Later in the week, I started looking at this whole subject from another perspective. The first time I was asked to create a bulletin for church, I was so excited that I got to transform a publication that had been unchanged for years into something fresh and exciting (for the time). I couldn't believe God had given me the ability to design something in the first place, and for me to be entrusted with the church bulletin was awesome. (I never could have imagined what I would do over the course of the next eight years.) But there were others who came before me who took pride in their work, and had put together what they thought was the best possible design for years. God had given them abilities, and they had used them in His time - time He had given to them. Now it was my turn. I wonder how they felt. I wonder if they had some of the same feelings that I have had now that my time is over.

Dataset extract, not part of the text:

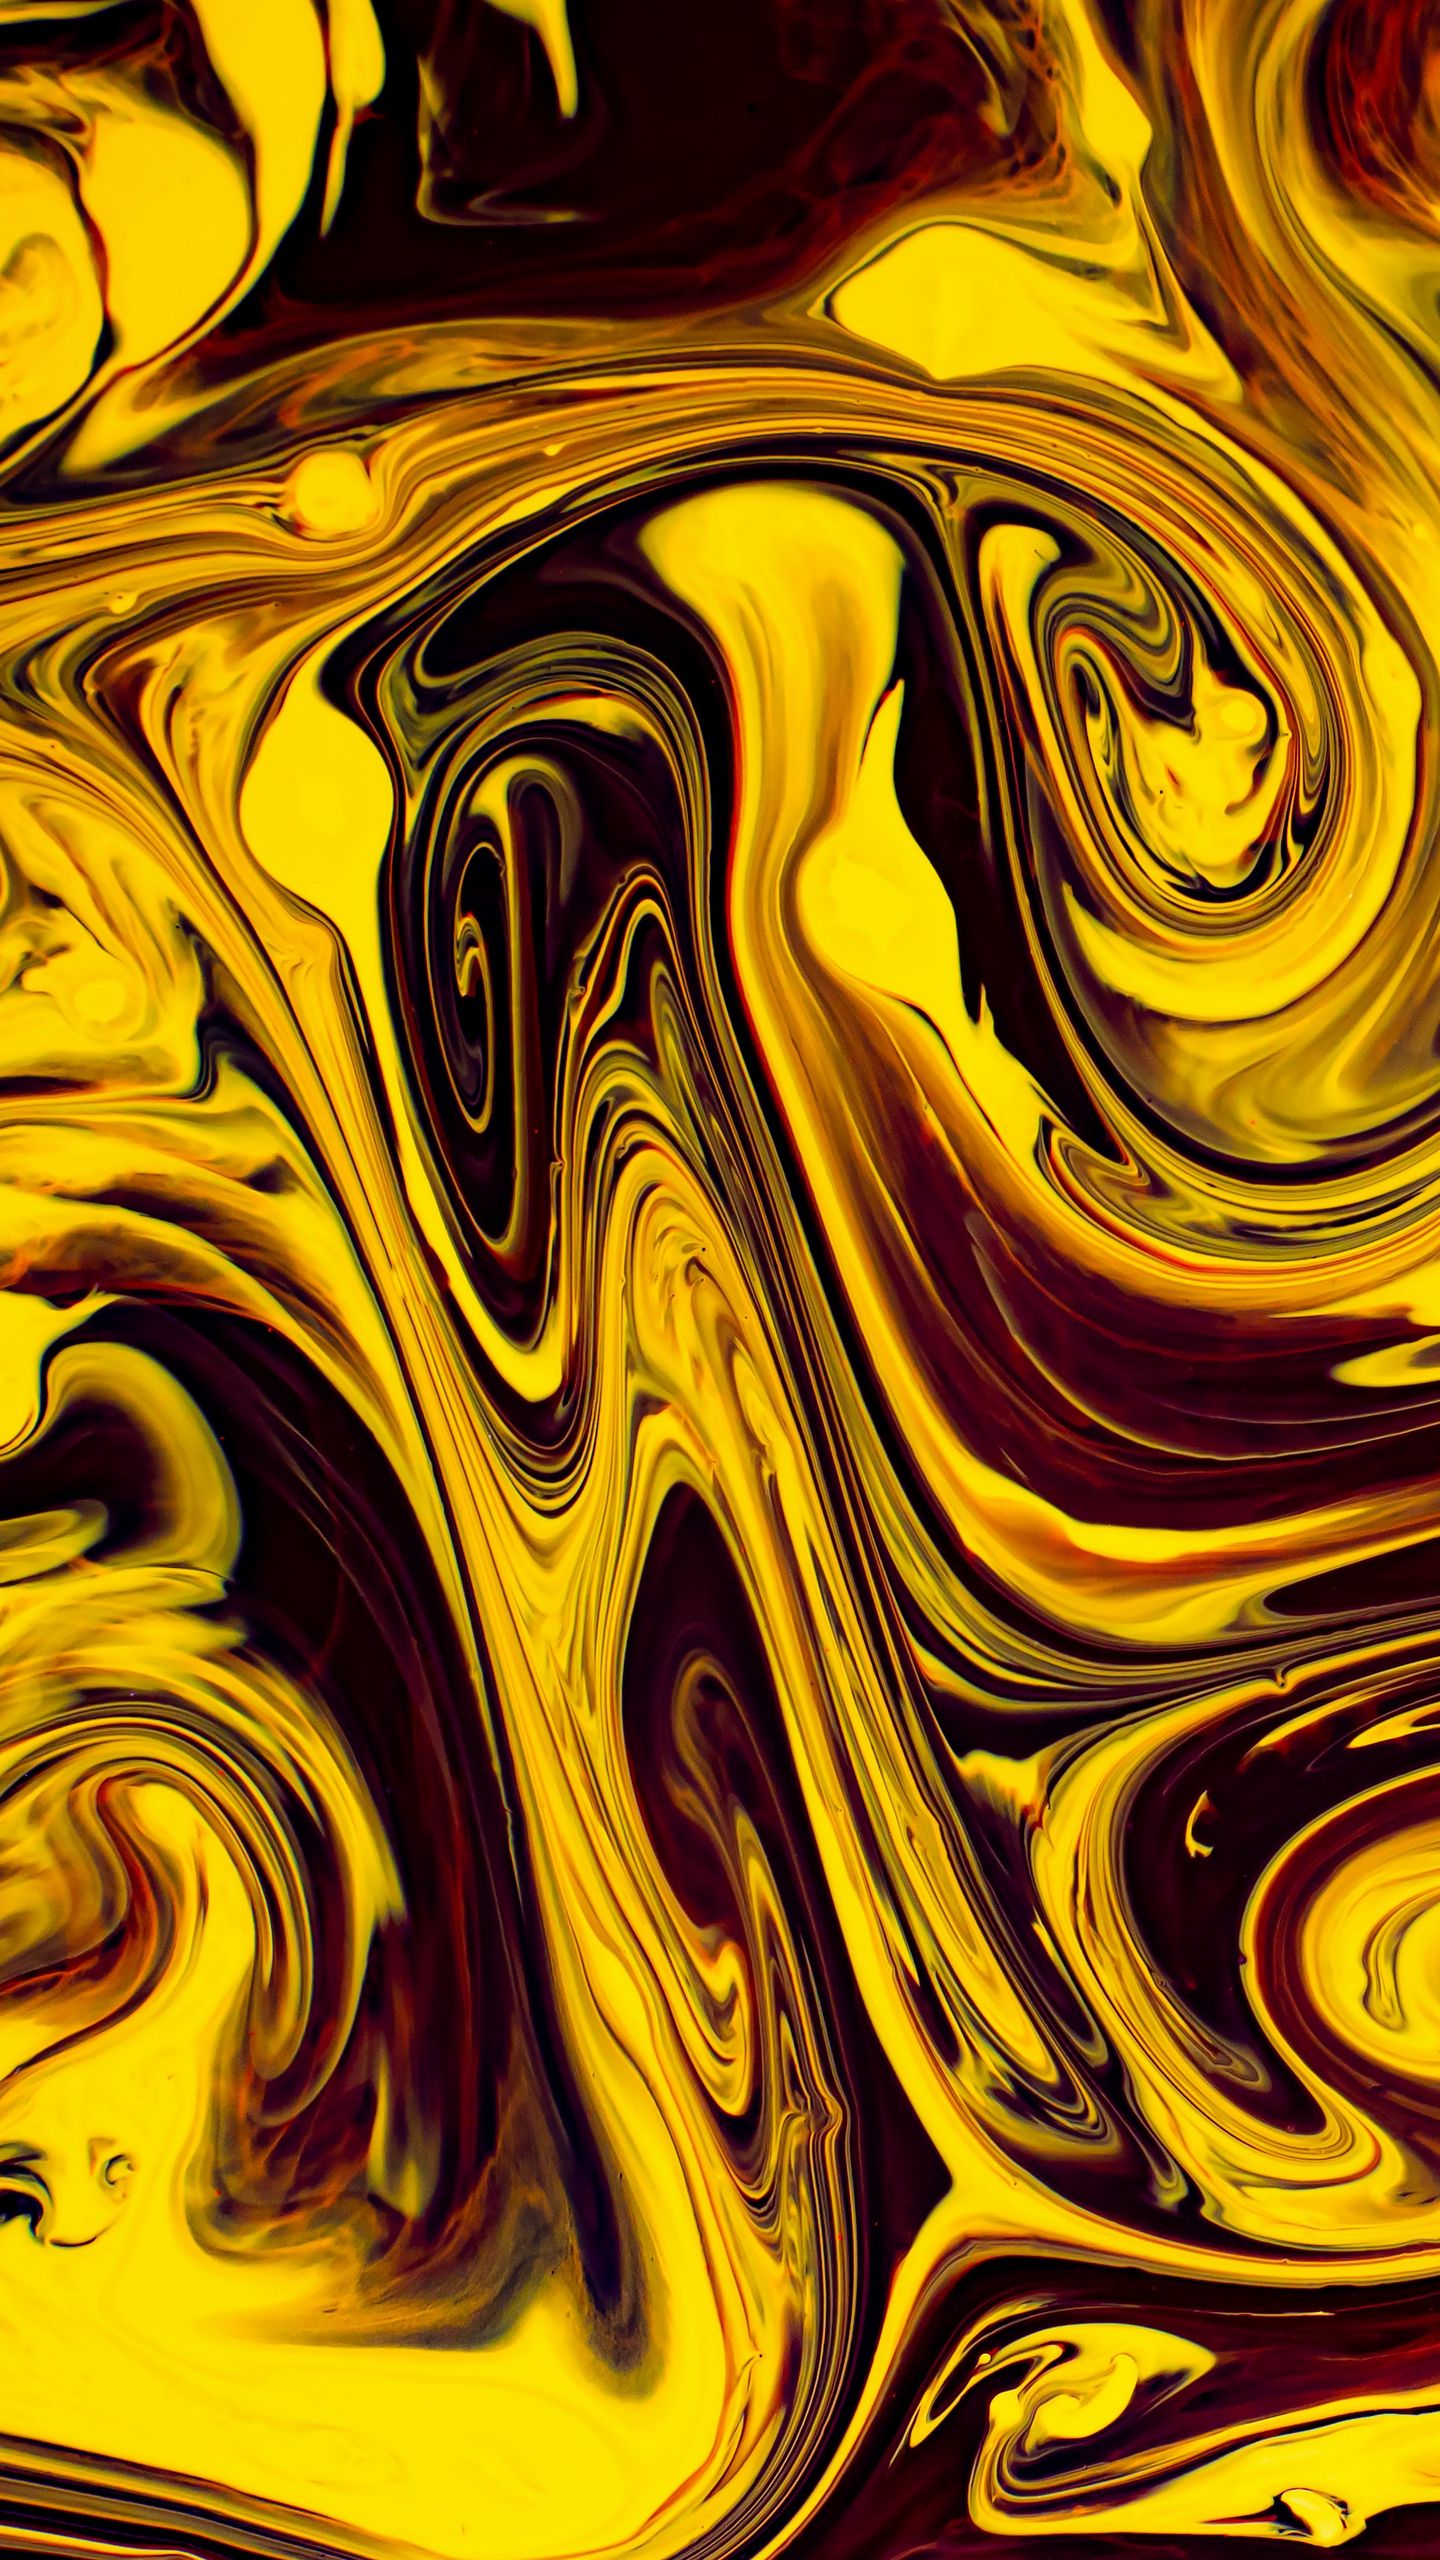 Download wallpaper 1440x2560 paint, liquid, fluid art, stains, distortion,  yellow qhd samsung galaxy s6, s7, edge, note, lg g4 hd background
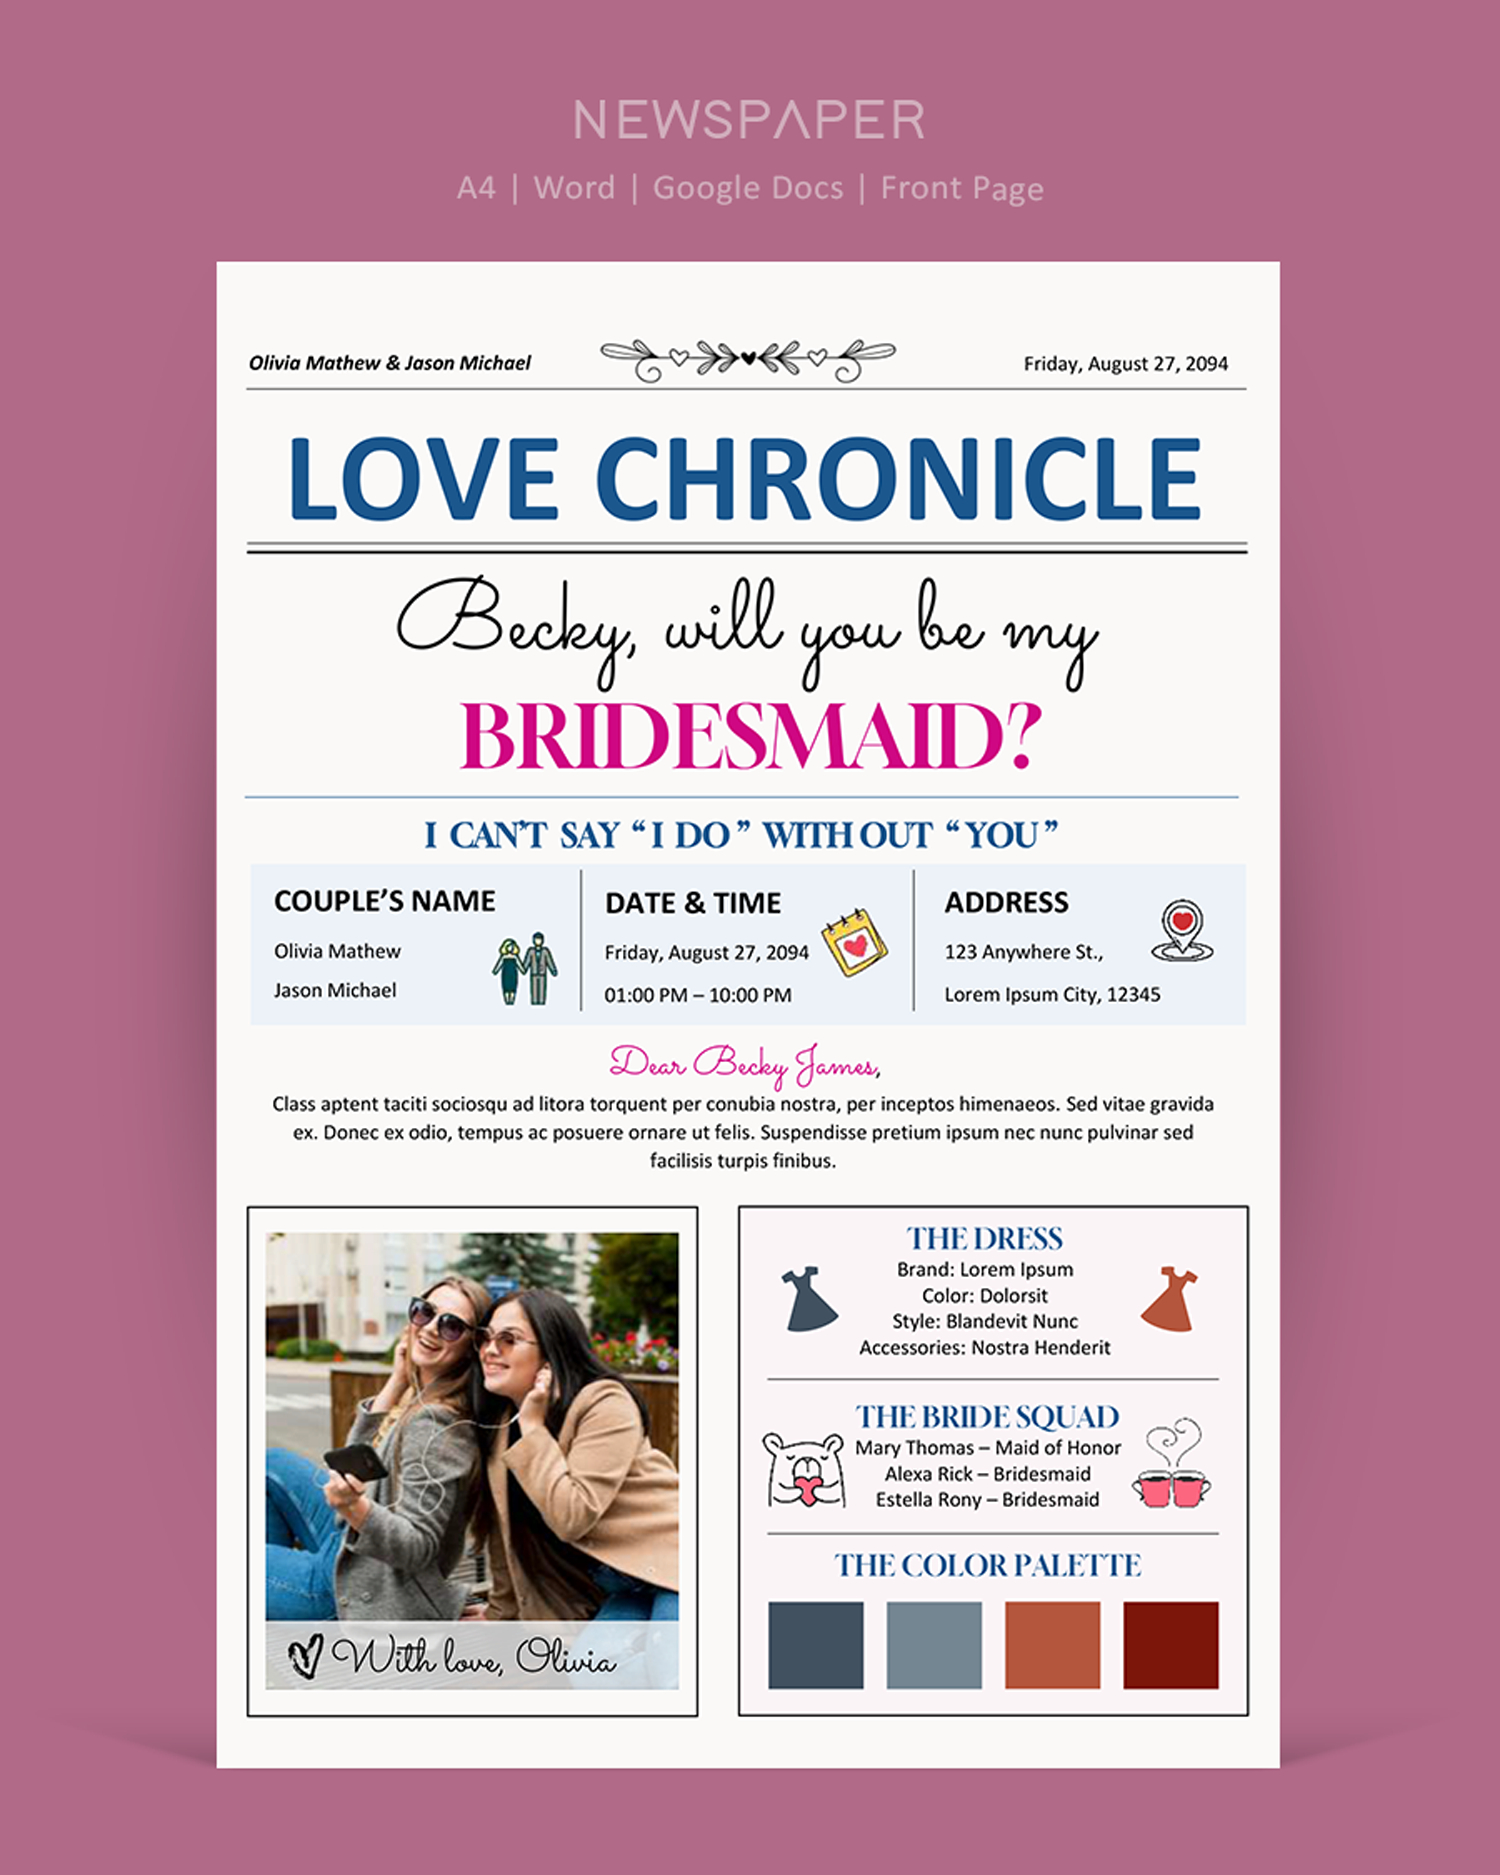 Bridesmaid A4 Newspaper Template - Word, Google Docs

Some of the responsibilities I have with my new position - curriculum coordinator, A+ coordinator, and special ed director - are requiring me to take programs that were created by someone else and revamp, retool, or recreate to move us to the next step. How do those people feel about what I am doing?

Life is about steps. We never achieve perfection, but we hopefully take something that someone else hands us, improve it, and hand it off to someone else better than we received it. The next time you're tempted to throw yourself a pity party, rip up the invitations and thank God for using you to contribute to the growth and improvement of something - and for opening new doors as you take new steps in life.